Let's take as example the following system:
$ \begin{cases} 2x + 1 = 0 \\ -x + 1 = 0 \end{cases} $
I could take x from the first and check on the second which will give me no solution. Taking from one and replacing in other guarantees safety
But if I add them together I will get x + 2 = 0 => x = -2. Checking -2 will fail in both of them. More solutions than needed are shown, and for advanced problems is not easy if possible at all to check the solutions
a = 2, b = 3 => a + b = 5, but a + b = 5 does not mean a = 2, b = 3. Even if there are the same number of equations as the number of variables, since they are on the same domain, I guess some dirty tricks can be applied so the system does not result only true solutions
What rules shall be applied to the system in order to guarantee valid solutions?

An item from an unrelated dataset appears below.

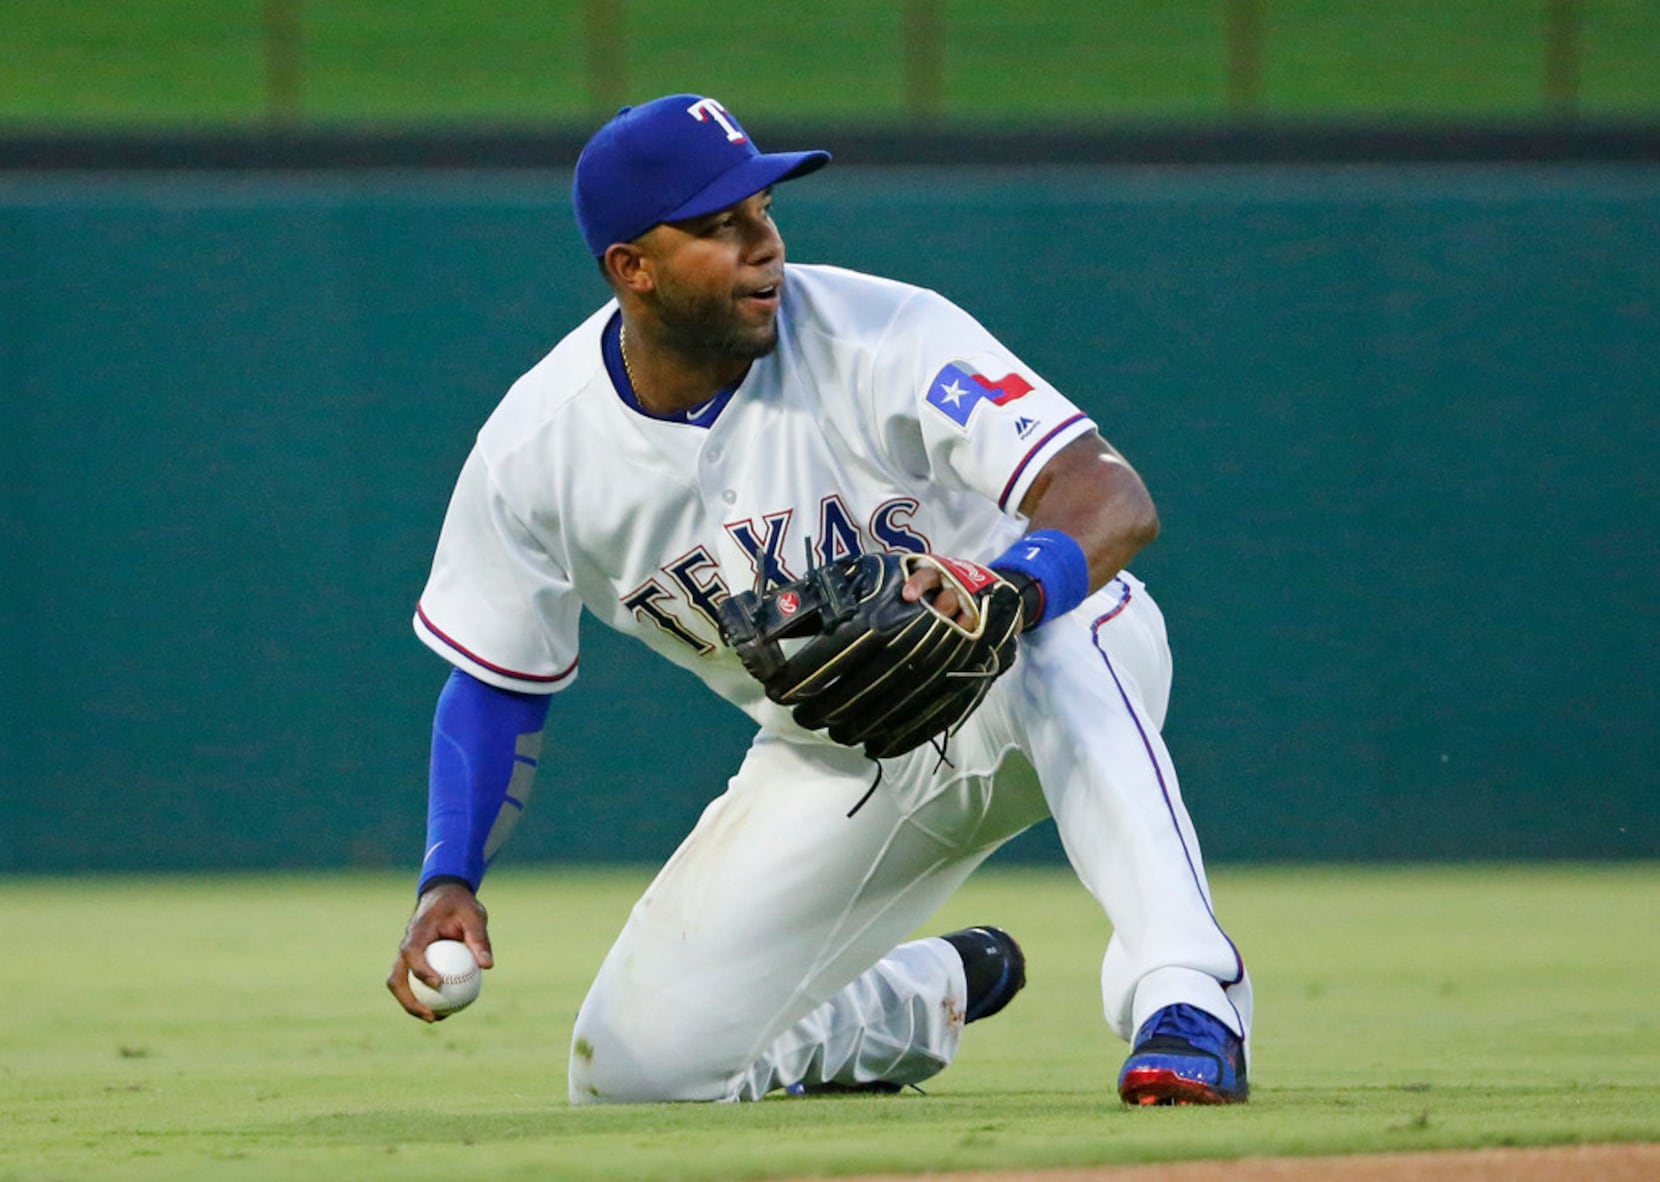 DSF Top 20 Current Athletes: #7 Rangers SS Elvis Andrus - Dallas

Example (please mention the mistake):
We have 2 quadratric equations f(x) and g(x). By using f(x) = g(x) we get all x coordinates of the intersection points. Let's say we want to get all point with y = 2:
$ \begin{cases} f(x) = 2 \\ g(x) = 2 \end{cases} $
The system results f(x) = g(x) or f(x) - g(x) = 0, and we said earlier that this means we get all intersection points, contrary to our rule of y = 2. In a real example we may have $f(x) = x^2 + mx + 1$ (m parameter) and some conditions that our f shall accomplish (so we can determine m). Since the system will not result only true solutions, then the method is quite useless and other ways shall be taken
For linear equations (such as in the first example) you need to look at how many conditions you apply over how many parameters are in question: in your example you impose 2 different conditions on x (has to equal both 1 and -1/2), therefore there is no solution. Generally speaking you can have one of three outcomes: 1. if the number of parameters exceed the number of conditions you will have infinite solutions. 2. if the number of parameters is exactly the same as the number of conditions you have a single solution. 3. otherwise there is no solution (as in your example). If you studied linear algebra - that has to do with the rank of the matrix involved.